Con la publicación por parte de Francisco de la exhortación apostólica Amoris Laetitia , los católicos que buscan adherirse a la enseñanza milenarista de la Iglesia, que contradice algunas de las declaraciones del Papa Francisco, inevitablemente serán llamados «más católicos que el Papa» (en Lituania, la forma más común es «más santos que el Papa», pero aquí, para mayor claridad, se traduce literalmente del dicho inglés , tr . past. ).
El viejo dicho «más católico que el Papa» se refería históricamente a un católico que (a menudo inconscientemente) se aferraba a su propia comprensión limitada o errónea de la fe y consideraba sus prácticas católicas como el criterio para juzgar la ortodoxia. Si se dice que alguien piensa (o actúa) que es «más católico que el Papa», se supone que significa que es terco, arrogante, riguroso o que sufre de escrúpulos. Al menos, eso es lo que afirman quienes lo acusan.
La expresión, por supuesto, se relaciona con la doctrina católica sobre la primacía de Pedro y la infalibilidad y jurisdicción universal del Papa. Literalmente, la expresión «más católico que el Papa» implica que el criterio con el que los católicos determinan qué es y qué no es católico deberían ser las palabras y acciones cotidianas del Papa.
Sin embargo, esta visión es errónea. Como se explica en la constitución dogmática Pastor Aeternus del Concilio Vaticano I , la Iglesia enseña que «el Espíritu Santo fue prometido a los sucesores de Pedro no para que proclamaran alguna doctrina nueva después de su revelación, sino para que, con su ayuda, defendieran espiritualmente e interpretaran fielmente la revelación o la enseñanza transmitida por los apóstoles».
La fe católica no es algo que cada papa reinvente según su propia opinión, preferencias, comprensión o capricho. El papa solo puede ser considerado un criterio de justicia cuando enseña formalmente «la fe transmitida por los apóstoles», como escribió san Judas Tadeo.
- Cuando el Papa Liberio aprobó la excomunión injusta de San Atanasio el Grande y firmó una fórmula de fe ambigua que podía reconciliarse con la herejía del arrianismo, todo católico fiel a la verdadera doctrina de la Iglesia era…»un católico más grande que el Papa».

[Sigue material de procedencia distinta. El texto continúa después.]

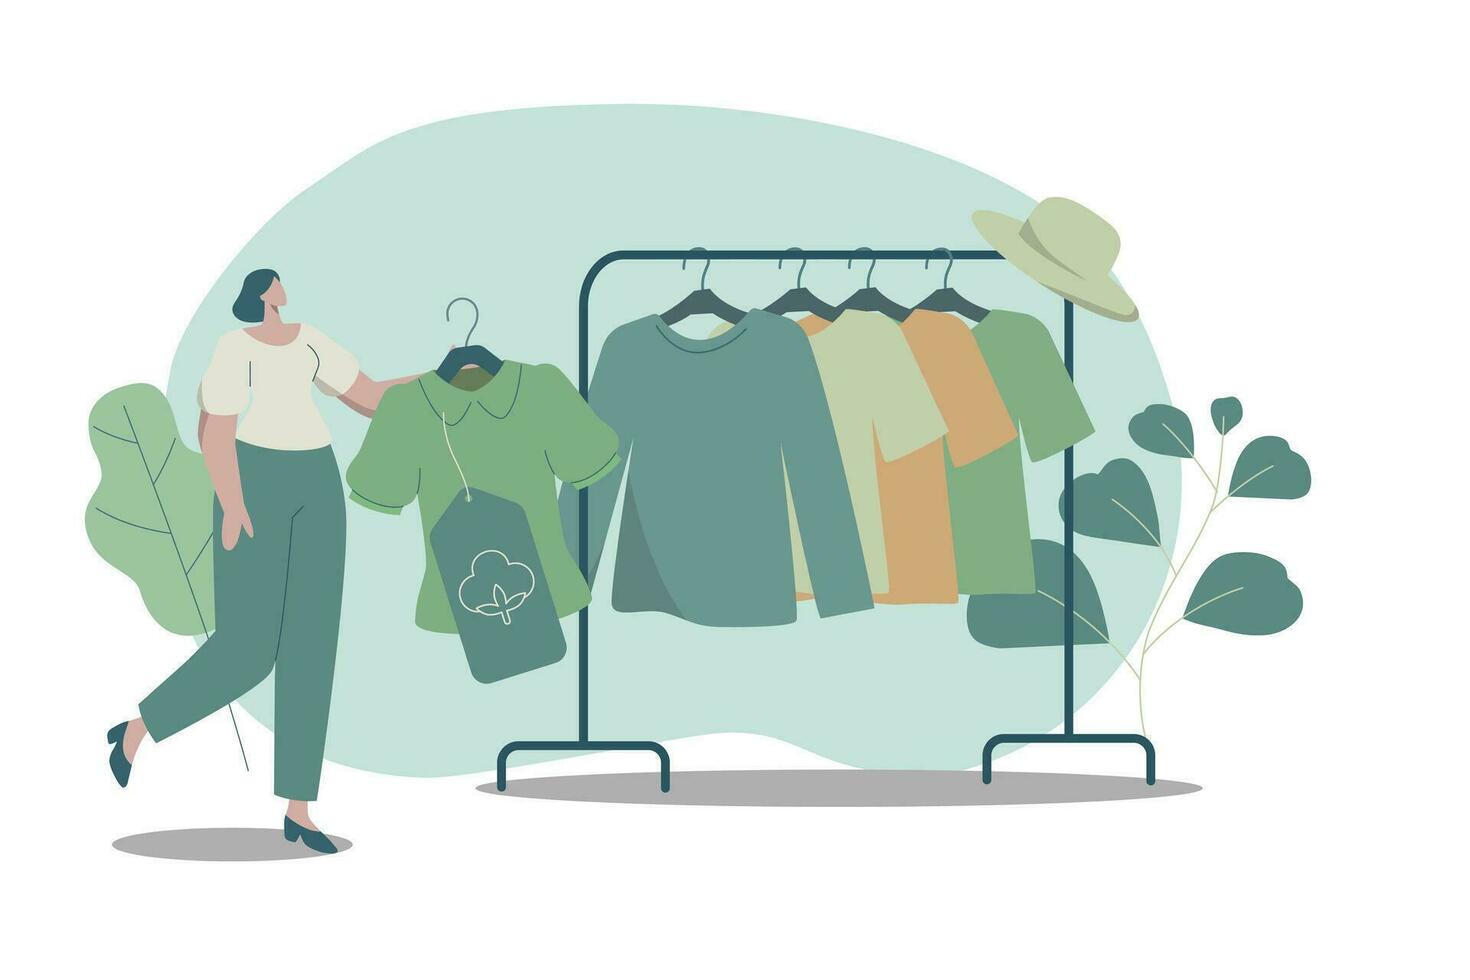 Eco friendly clothing sustainable, Woman buying recycling textile, Recycle and environmental care concept on fashion. Vector design illustration.

- Cuando el Papa Honorio I aceptó opiniones teológicas erróneas y no corrigió ni condenó la herejía del monotelismo, todo católico fiel a la verdadera doctrina de la Iglesia era…«más católico que el Papa». Tenían tanta razón que su sucesor, San León II, lo declaró hereje tras su muerte. «Pronunciamos anatema sobre los inventores del nuevo error, Teodoro, Sergio, […] y también sobre Honorio, quien no buscó santificar esta Iglesia Apostólica con la enseñanza de la tradición apostólica, sino que con desprecio y traición permitió que se profanara su pureza». Durante gran parte de la historia de la Iglesia, los sacerdotes repitieron en oración este anatema pronunciado sobre el Papa Honorio.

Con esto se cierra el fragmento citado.